En effet, les pandémies peuvent déclencher un cercle vicieux de désespoir économique, d’inégalités et de troubles sociaux. À l’aide d’une analyse économétrique, nous montrons que les grandes pandémies passées ont conduit à une augmentation significative des troubles sociaux à moyen terme, en réduisant la croissance et en augmentant les inégalités. Des troubles sociaux plus élevés, à leur tour, sont associés à une croissance plus faible, ce qui aggrave les inégalités, formant un cercle vicieux.

Quels pays sont les plus vulnérables? Une analyse supplémentaire dans les Perspectives économiques régionales pour l’Asie-Pacifique suggère que l’effet est plus fort lorsque l’inégalité des revenus est déjà élevée au départ. Une augmentation du coefficient de Gini net (après impôt et transfert) – une mesure de l’inégalité couramment utilisée – est associée à davantage de troubles sociaux lorsque le niveau initial du net de Gini est supérieur à 0,4. Plus de 45% des pays dans le monde et environ un tiers des économies asiatiques ont un coefficient de Gini net supérieur à ce seuil.

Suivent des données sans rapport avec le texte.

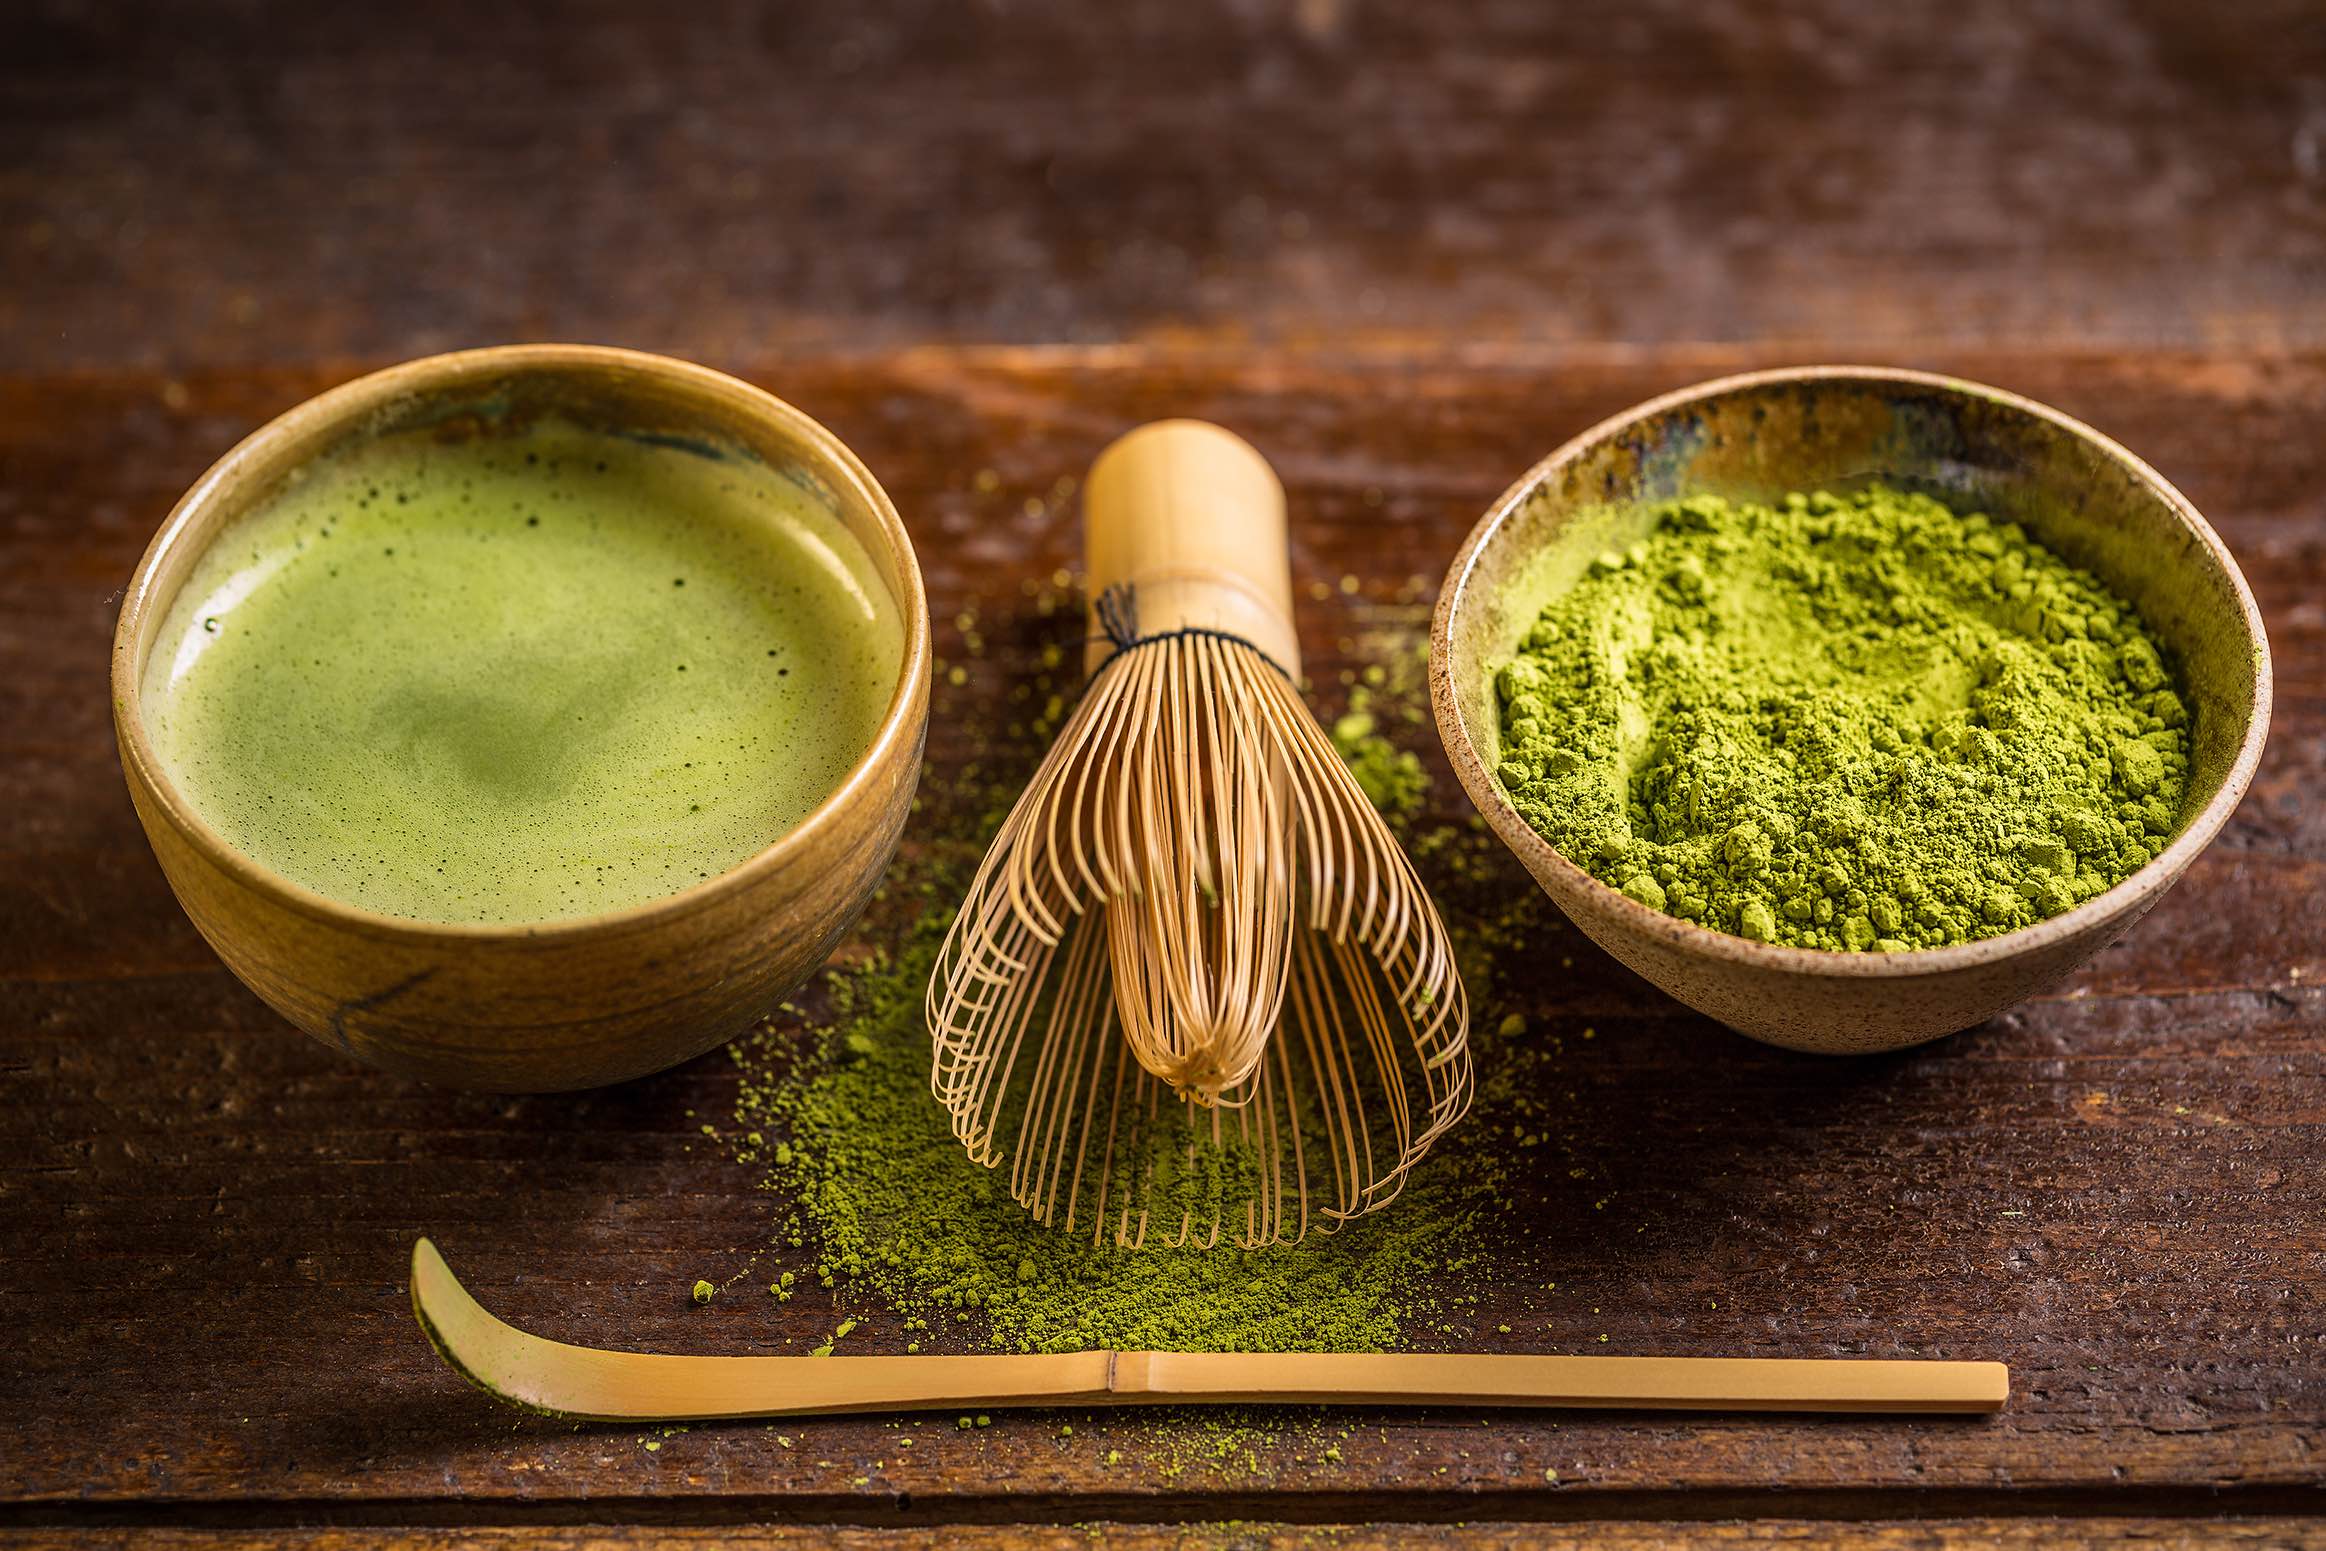 aufgeschäumter Matcha-Tee in einer Bambustasse, daneben ein kleiner Bambusbesen und eine schale mit Match-Teepulver.

Nous constatons également que l’impact des inégalités sur les troubles sociaux dépend de l’ampleur des transferts redistributifs. Une augmentation des inégalités est associée à plus de troubles lorsque les transferts redistributifs sont faibles, ce qui suggère que les mesures de sécurité sociale aident à réduire les tensions sociales.

Les décideurs doivent accorder une attention particulière à la prévention des effets de cicatrisation sur les moyens de subsistance des plus vulnérables de leurs sociétés. Ce sont des tendances historiques, pas le destin des pays.